Set down, exactly as written, the lines from the top of the data to the line that holds "Dog fabric for apron", and omit the pictures.

Data shown
= = = = =

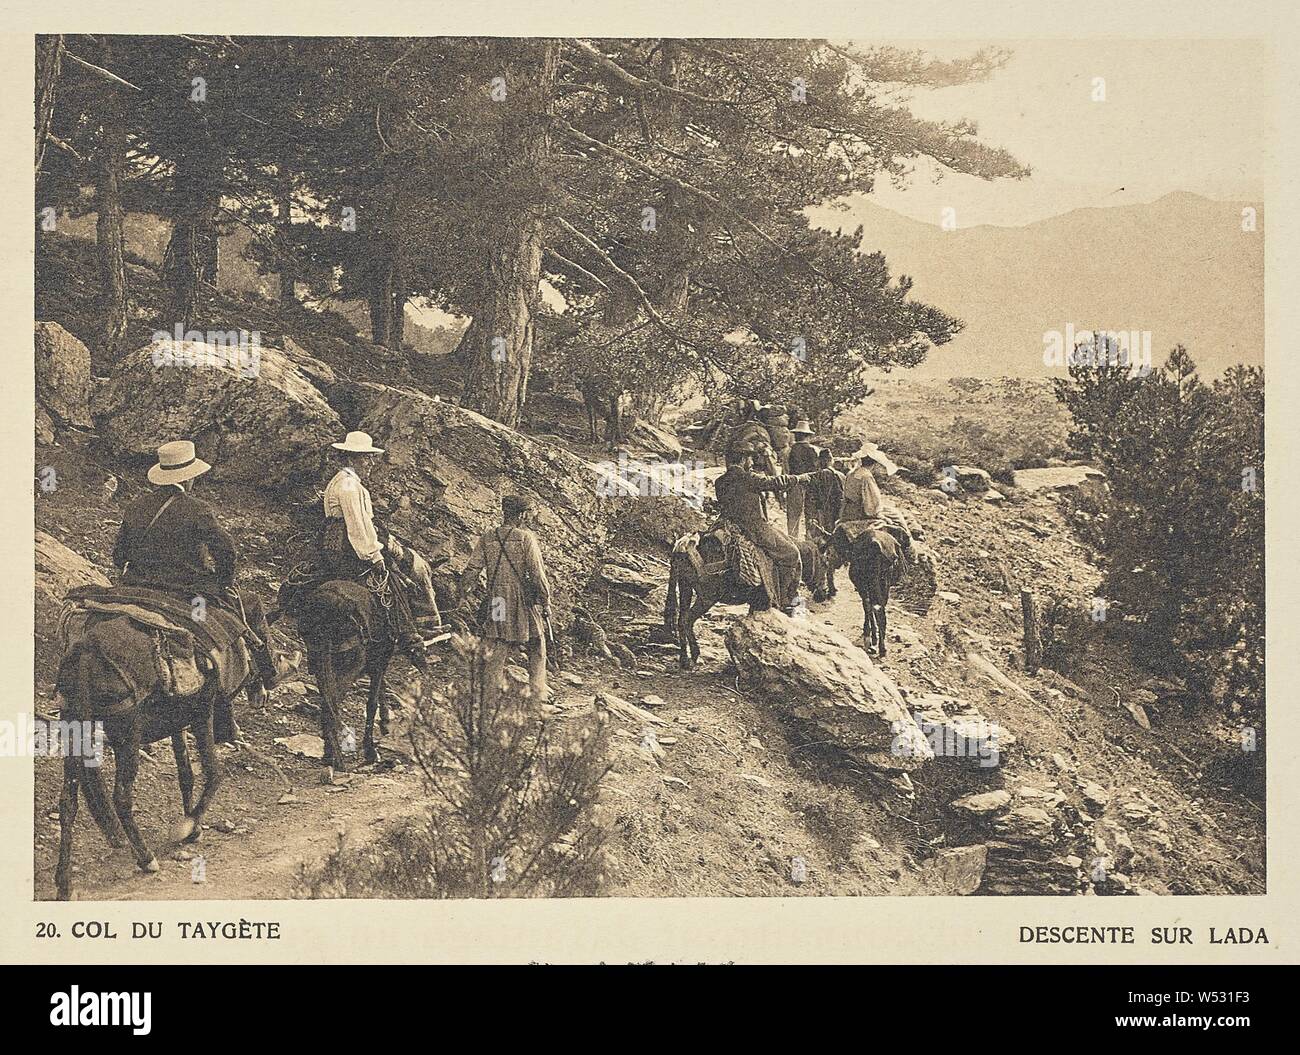 Col du Taygète. Descente sur Lada, Frédéric Boissonnas (Svizzera, 1858 - 1946), Ginevra, Svizzera, 1910, Heliogravure / Photolithograph, 9,9 × 14,1 cm (3 7/8 x 5 9/16 in Foto Stock
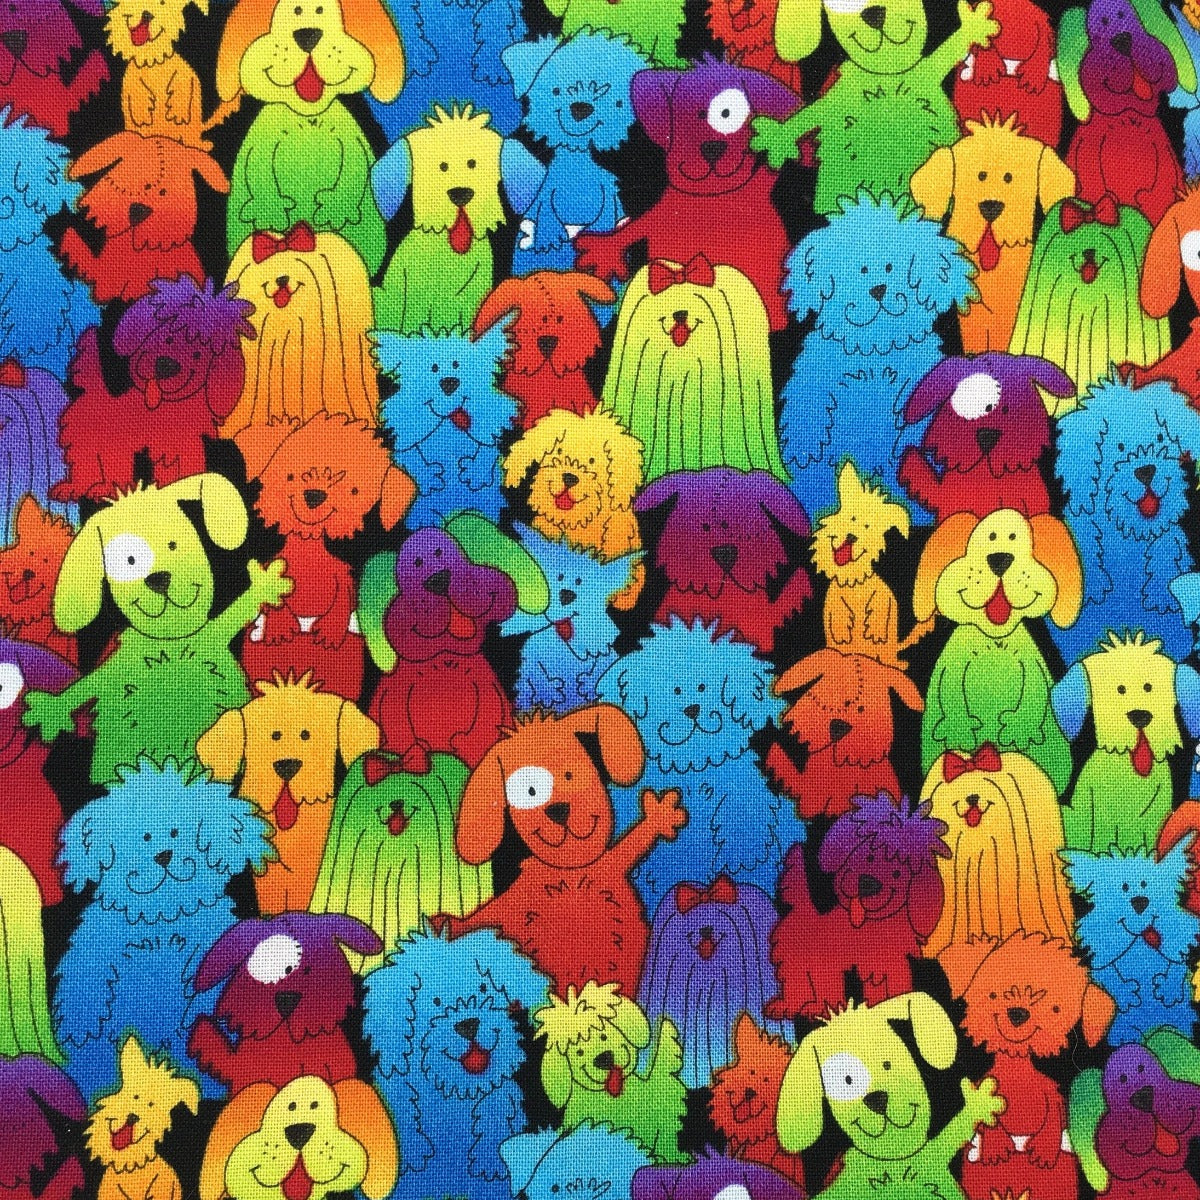 Dog fabric for apron
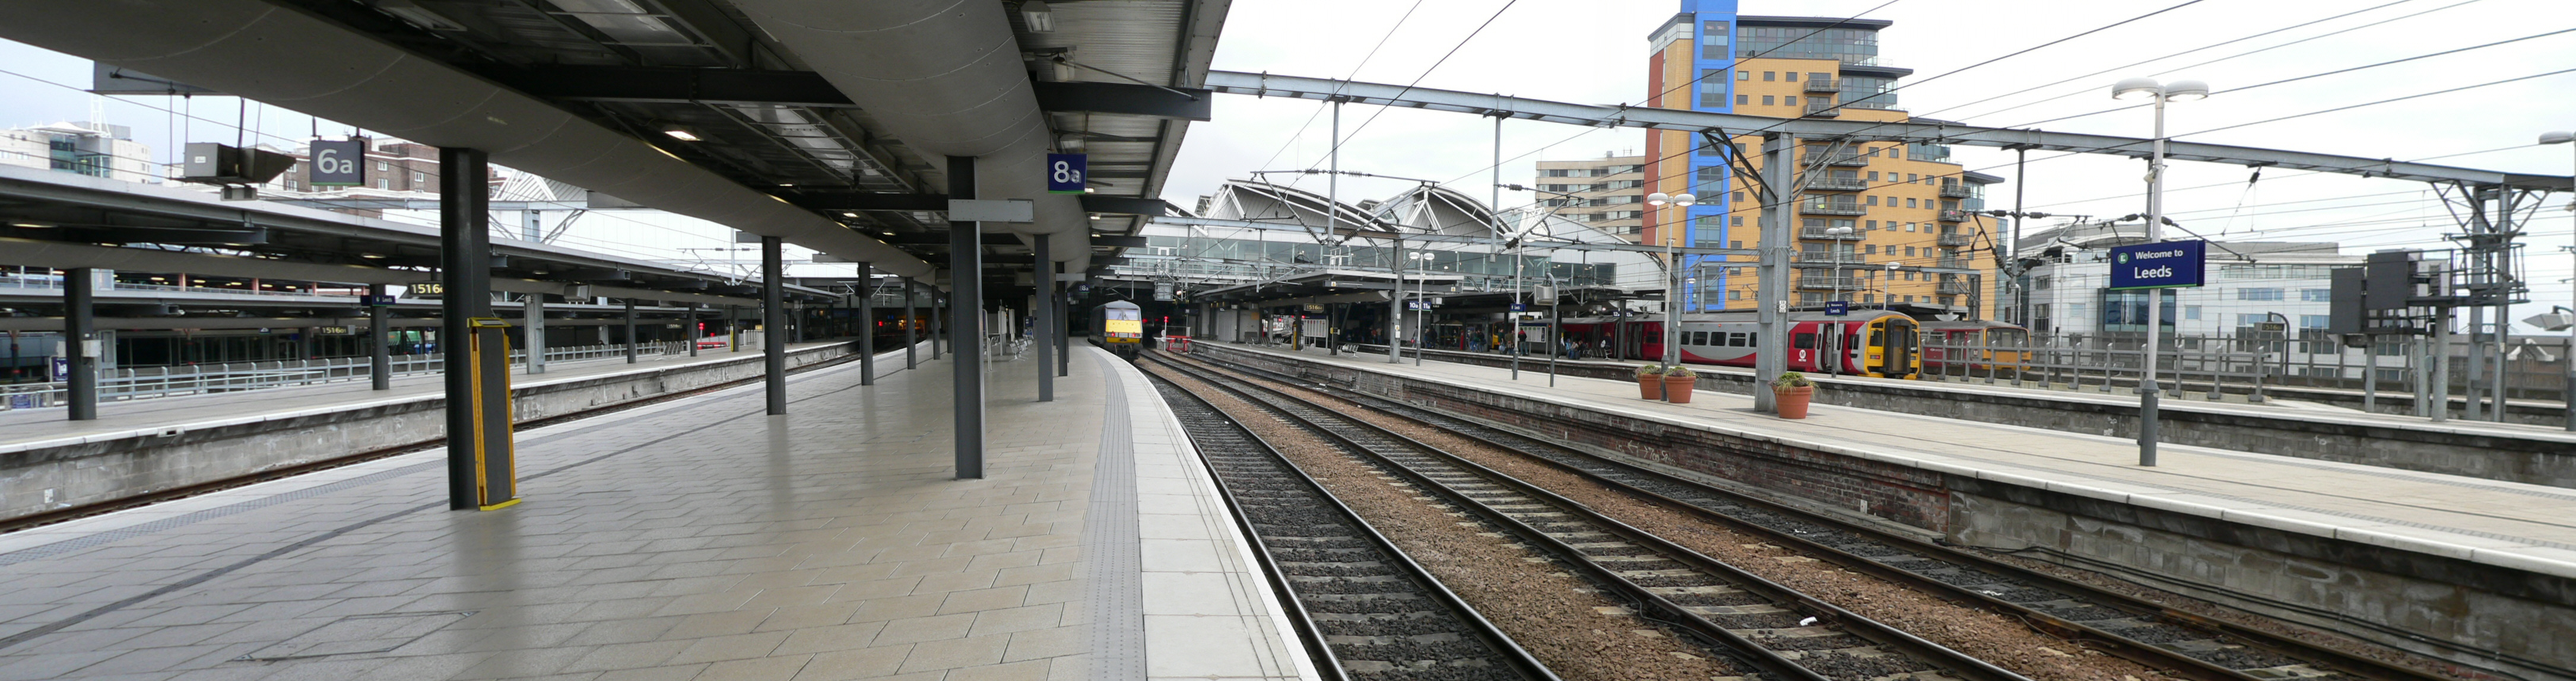 File:Leeds City Railway station - western end 04.jpg - Wikimedia Commons

= = = = =

Result of the task
 Col du Taygète. Descente sur Lada, Frédéric Boissonnas (Svizzera, 1858 - 1946), Ginevra, Svizzera, 1910, Heliogravure / Photolithograph, 9,9 × 14,1 cm (3 7/8 x 5 9/16 in Foto Stock
 Dog fabric for apron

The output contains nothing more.